Aconteceu uma dessas coincidências em meu penúltimo artigo publicado no iMasters,
que me fez pensar numa série de artigos, que inicio hoje. O que me
levou a isso (principalmente a este primeiro artigo da série), foi o fato
de que mais de um mês após o artigo ser publicado foram feitos dois
comentários em um intervalo de menos de uma hora, e com a mesma tônica:
de que o sistema de informação de horário dos ônibus da cidade de
Vitória PODERIA ter saído do ar na greve de motoristas de ônibus
ocorrida em Novembro/2010 por pressão política. Ou seja, alguém teria
ordenado que o sistema saísse do ar, e O SISTEMA FORNECEU A ELE,
aparentemente de forma direta, visto que era exibida a mensagem ‘Sistema
indisponível durante a greve’, de próprio texto muito estranho, a
possibilidade de parar o funcionamento. E isso, reitero, quando o
usuário final, a população, que era o cliente real do sistema, mais
precisava do mesmo.

Fiz uma pequena pesquisa e consultei alguns amigos advogados e todos
me disseram que essa manipulação poderia ser considerada abuso de poder,
crime, por ser antiética, e afetar outras pessoas em detrimento de uma
ou de algumas pessoas. Caberia por isso ação do Ministério Público
contra a pessoa que deu a ordem de retirada do ar, e também contra quem
desenvolveu o sistema.

Mas neste artigo vou me ater unicamente à questão que o seu cliente
PODE pedir tudo o que ele quiser para você fazer, mas você NÃO PODE
efetivar tudo o que o cliente te pedir. E não estou falando por
limitação técnica ou de linguagem (que já nos fazem negar uma
solicitação no ato, pois conhecemos tais limitações de nossos
ambientes). Me refiro a uma única palavrinha que por vezes é esquecida:
Ética
.

Palavra curiosa, que pode ser tomada como abstrata, resumirei de
forma sucinta e direta o seu significado: ser ético é não fazer algo que
venha a prejudicar outra pessoa de forma intencional. E, veja bem, ética
não faz distinção entre religiosos, ateus ou agnósticos. Ela existe por
si mesma, ditada pelo consenso geral da sociedade.

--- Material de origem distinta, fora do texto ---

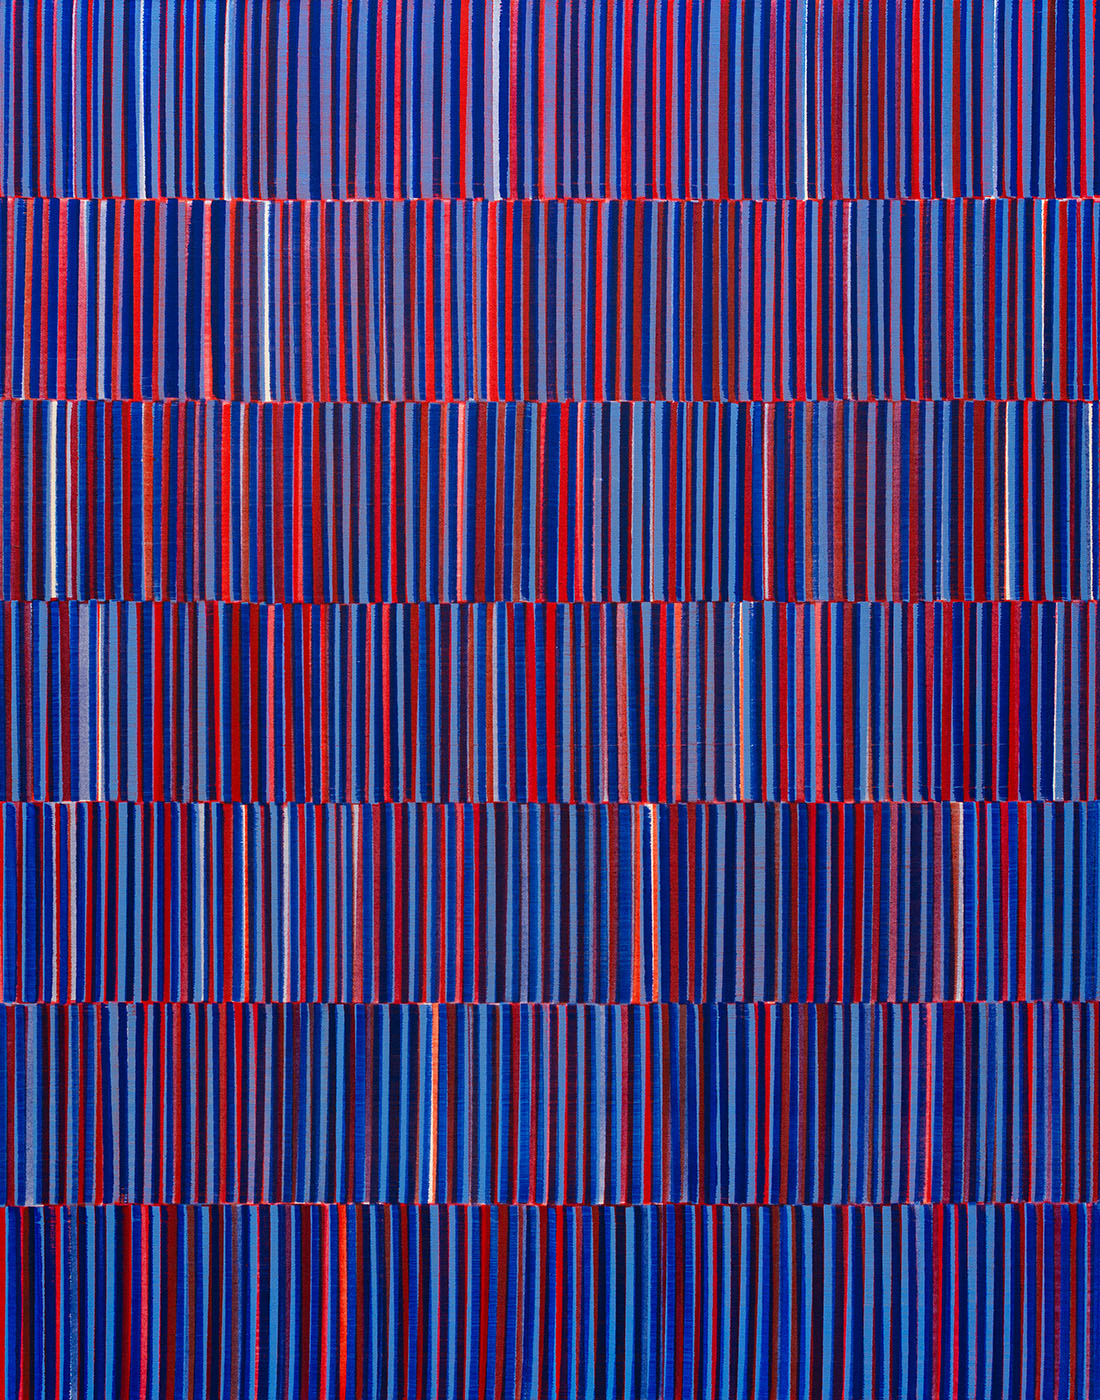 Nikola Dimitrov, FarbKlang BlauRot II, 2019, Pigmente, Bindemittel auf Leinwand, 140 × 110 cm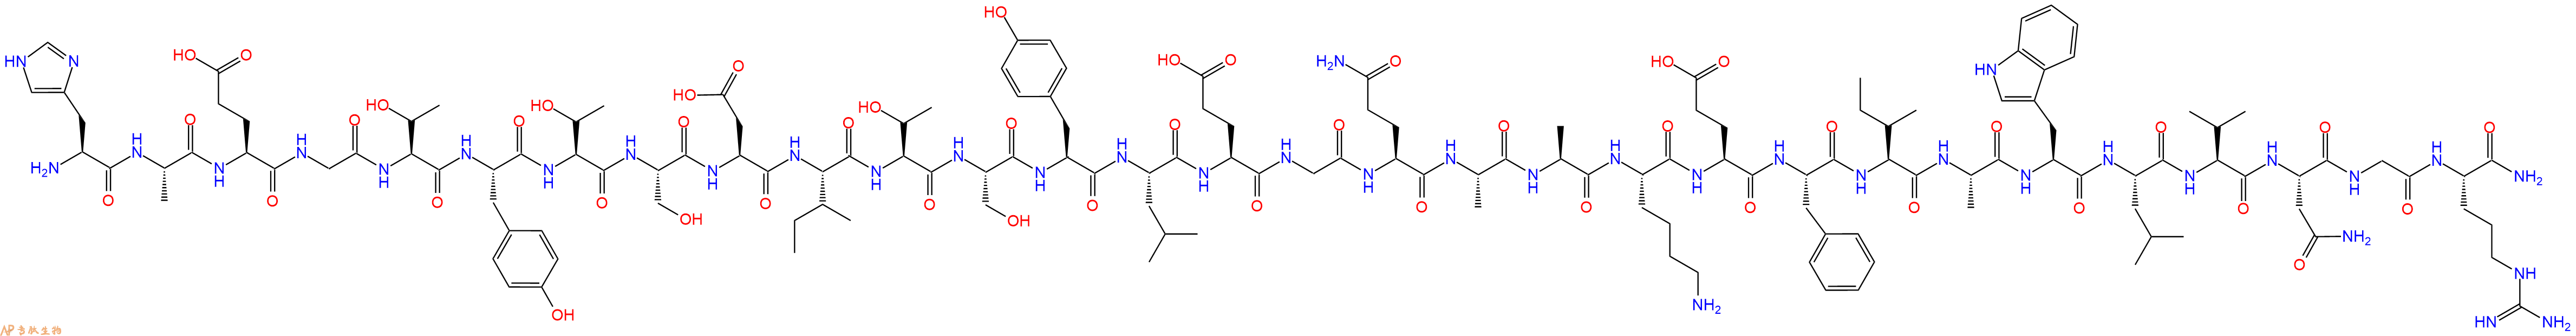 专肽生物产品GLP-1(7-36), amide, chicken, commonturkey1802078-26-7

Curiosamente, há alguns dias participei da formatura de um grandioso
amigo, em Sistemas de Informação, e pude ver nas palavras do patrono da
turma uma chamada ao exercício ético da profissão dos formandos. E não foi só nas palavras dele: no juramento que é feito (e que é feito em todas as formaturas Brasil afora), estava lá o
comprometimento com a ética e com as boas práticas. Repito: no juramento.

Certo, mas e quando o cliente nos pede algo que é antiético, o que
devemos fazer? Conversar com ele, explicar que não poderíamos
desenvolver tal coisa por causa deste ou daquele motivo e, se preciso
for, inclusive apelar para o censo Ético. Torne seu projeto um produto
ético.

Ah, mas você pode estar pensando: “se eu não fizer, outra pessoa fará e eu vou somente perder o cliente”. Pois muito bem, se você é uma pessoa que
pensa a curto prazo, eu diria que você está correto. Mas se você é uma
pessoa que olha lá na frente, no futuro, eu te digo que continue
trabalhando na linha deste artigo. Com o tempo, empresas que não
desenvolvem dentro de padrões éticos acabam caindo no conceito dos
clientes, dos profissionais, e do mercado em geral. Ou seja, quem
concorda em fazer coisas não éticas mais cedo ou mais tarde poderá não
encontrar lugar no mercado, pois todos já saberão de suas práticas e não
gostarão de tê-lo associado à sua imagem. E em um mundo em que é cada
vez mais fácil sabermos das realizações das pessoas, fica igualmente
mais fácil o mercado conhecer nossa prática profissional.

Bem, e se os ditos do último parágrafo ainda não foram suficientes
para te convencer, conto então a história da Operação ByPass, feita pela
Polícia Federal em 2009, que descobriu fraudes fiscais em supermercados
e padarias no Espírito Santo. Para resumir o caso a você: era passada
uma informação à impressora de cupom fiscal para que imprimisse
normalmente a ‘notinha’ para o consumidor, mas vinha também uma
instrução para que essas informações não fossem salvas na memória da
impressora fiscal. Era como se boa parte das compras fossem tratadas
como testes.

Em sua defesa, a empresa responsável alegou que não foi ela quem
implementou a instrução fraudulenta, mas que o cliente descobriu
(sabe-se lá como) e fez por conta própria. Só que a justiça entendeu que,
independentemente de ter feito a implementação proposital da fraude ou não,
só de ter sido inserido no código a POSSIBILIDADE que levasse à fraude a
empresa tinha de ser considerada tão ou mais culpada pelo crime. Ou
seja, essa POSSIBILIDADE por si só, já foi considerada uma atitude
antiética (e também ilegal) da empresa desenvolvedora.

E o mais interessante é que não tem jeito de querer esconder: alguma
hora alguém descobrirá os feitos antiéticos ou as brechas do sistema. No
caso da Operação ByPass, todo o esquema foi descoberto porque um cliente
fez uma compra de mais de R$ 5.000,00, paga com cartão de crédito, que a
própria operadora do cartão informou à Receita, mas que quando vieram
as informações do supermercado a compra não existia.

Mas existem outras formas também de vazar algo antiético: pode ser
por uma pessoa que não sabe guardar segredo, um ex-funcionário que não
estava muito contente com a empresa ou outras situações.

Fato é que o jeito mais fácil de defender ou esconder algo antiético é
nunca chegando a produzi-lo, e assim ganhar pontos com o mercado como
um todo e também, em determinados casos, até com a sociedade.